LTLA / batchelor

Clone of the Bioconductor repository for the batchelor package.
https://bioconductor.org/packages/devel/bioc/html/batchelor.html
16 stars 7 forks source link

semi-supervised fastMNN correction #49

Open julien-roux opened 3 months ago

julien-roux commented 3 months ago

(First, thanks Aaron for the development and maintenance of this awesome package!)

After reading this preprint, I was wondering if there would be the possibility for such a semi-supervised correction with fastMNN()?

For example filtering MNN pairs could be done based on the prior annotation of different batches, based on the labels inferred from a SingleR run, based on the matching clusters after a clusterMNN() run... What do you think?
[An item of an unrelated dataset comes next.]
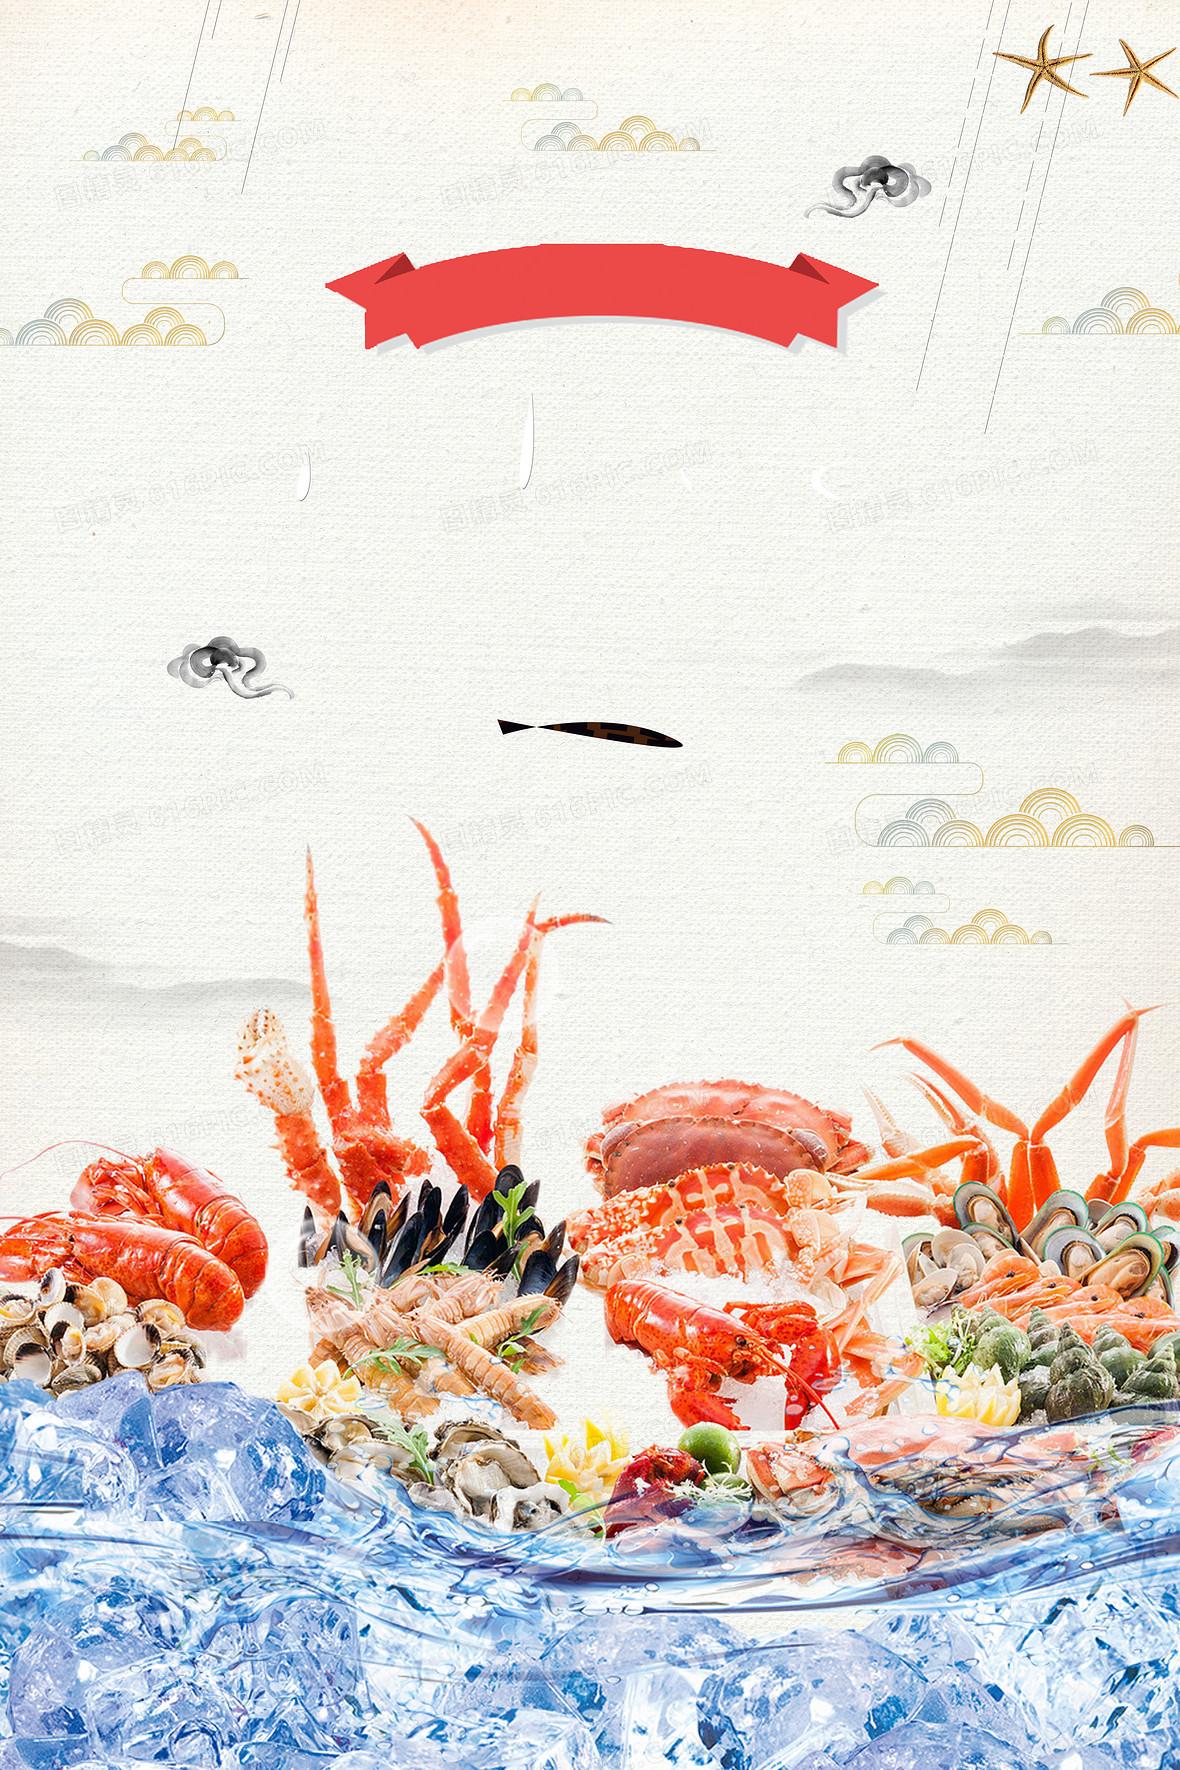 海鲜特价活动宣传广告海报背景素材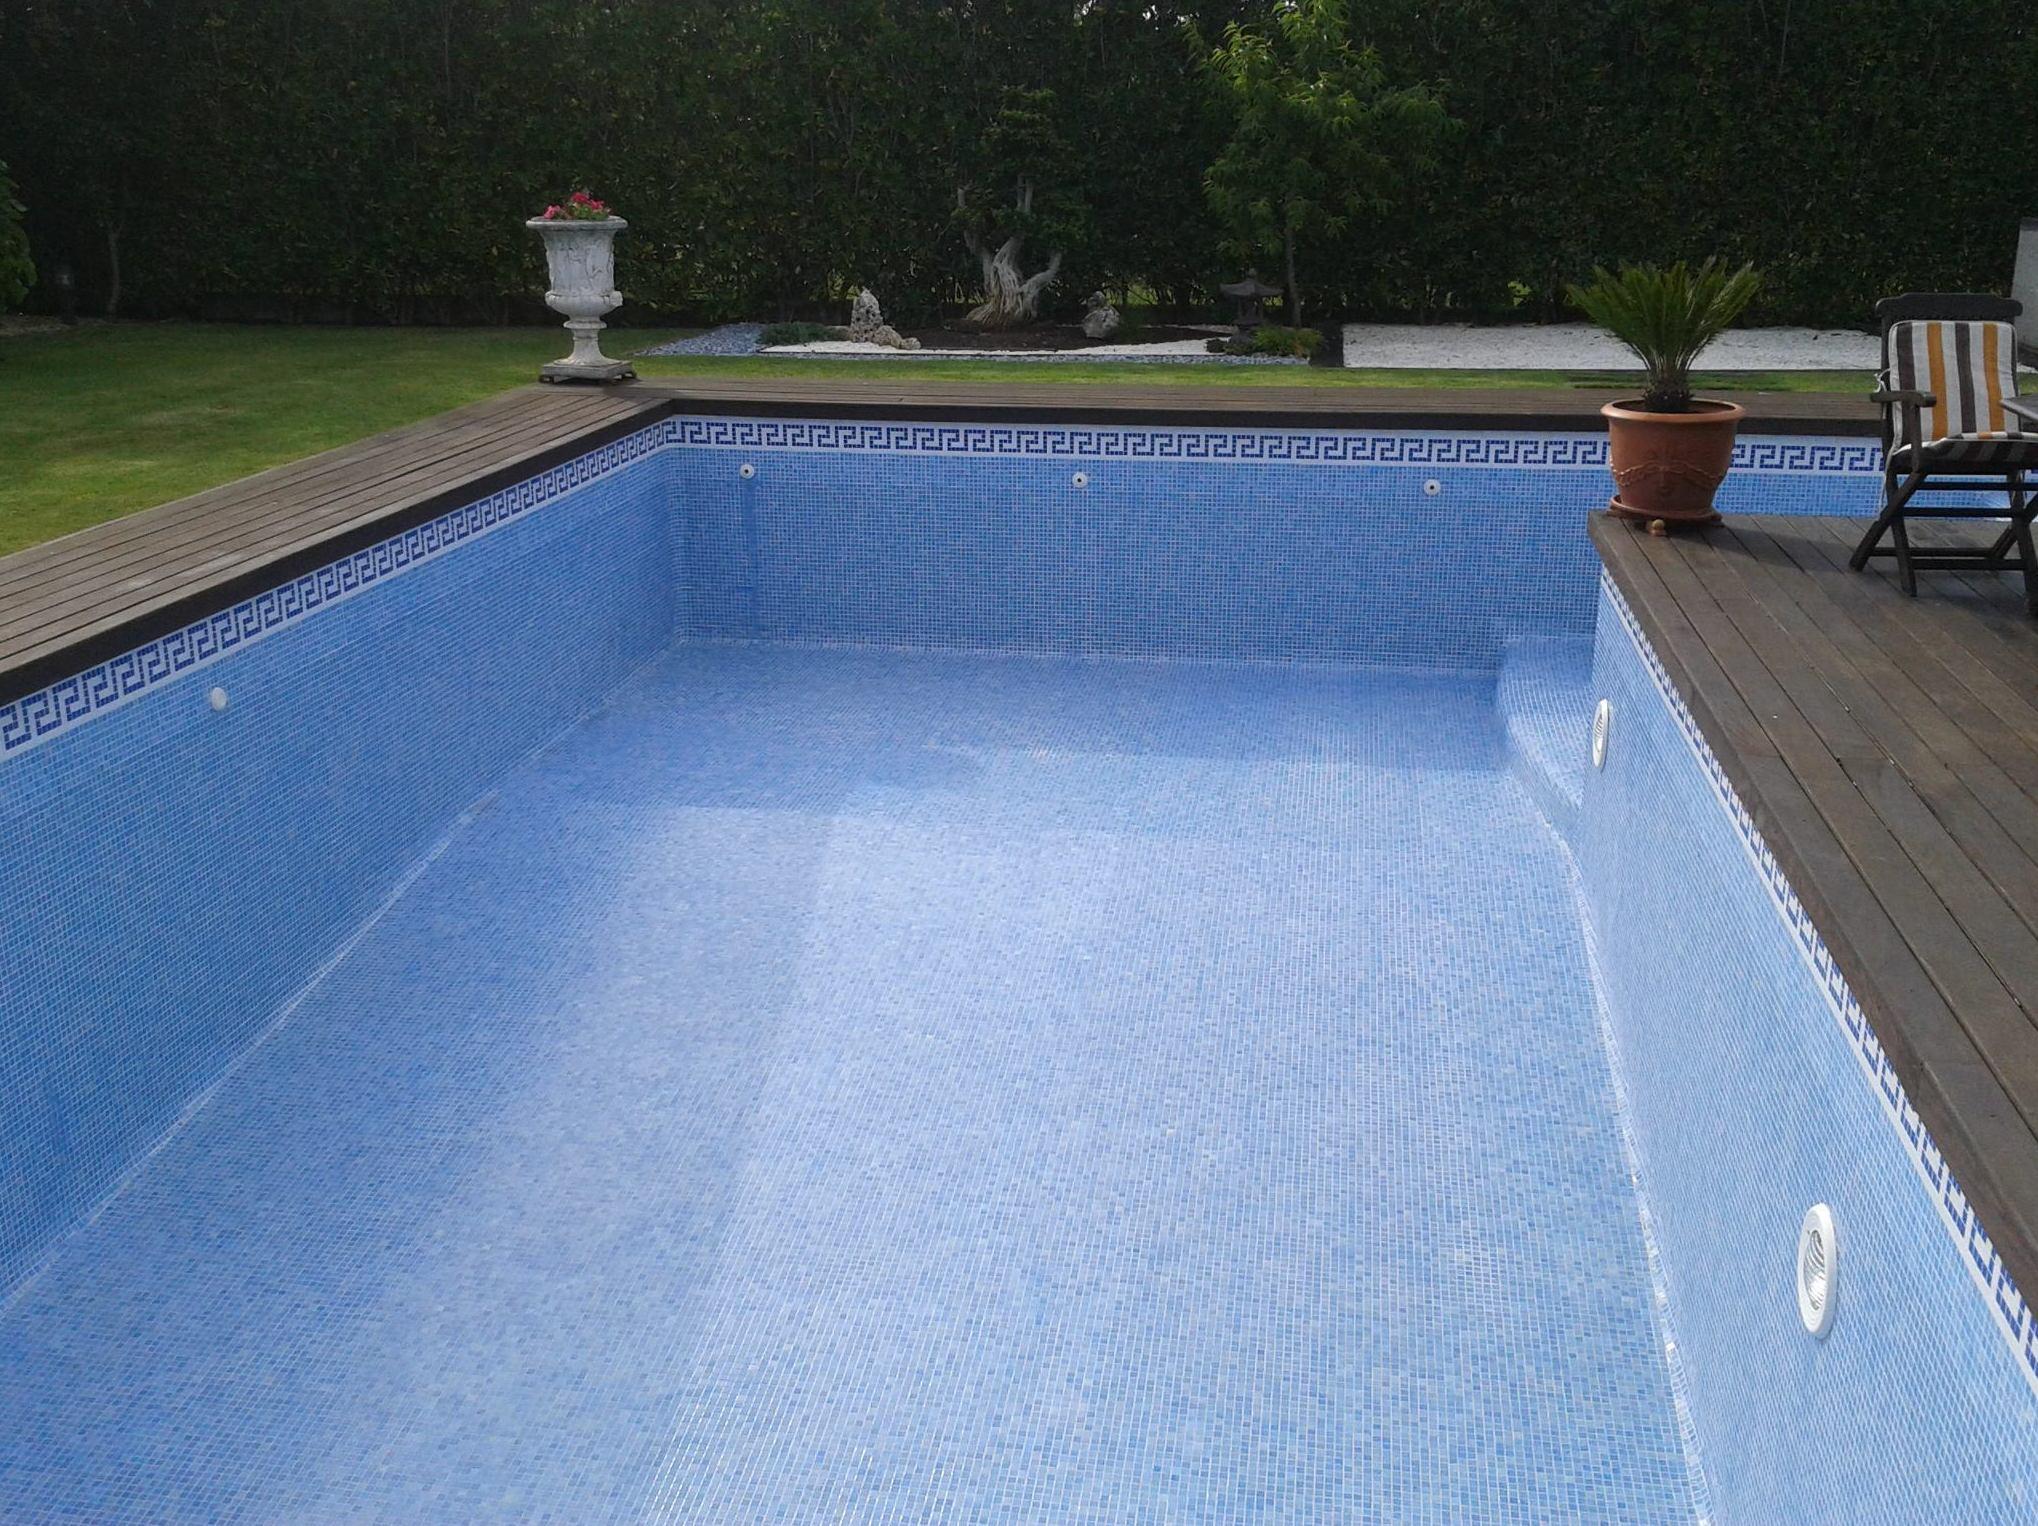 Trabajo de limpieza de piscina

LTLA commented 3 months ago

I'm trying to remember, but a long time ago, we might have had similar thoughts. It would be theoretically easy to implement; just restrict the MNN pair formation to cell populations with the same annotation across batches and proceed with the rest of the algorithm. I could see how this could improve correction performance by avoiding the formation of MNN pairs between the wrong populations.

In practice, this was less useful than it seemed. People don't usually come into the analysis with existing annotations for the individual batches, at least not for their own experimental data. After all, the whole point of the batch correction step is to get everything on the same coordinate system so that you only have to do clustering and annotation once; if we already had consistent labels for each batch, we would never need to compute corrected values for the rest of our analysis. Other than to generate artworks like UMAP/t-SNE, perhaps, but I don't think those have much scientific value.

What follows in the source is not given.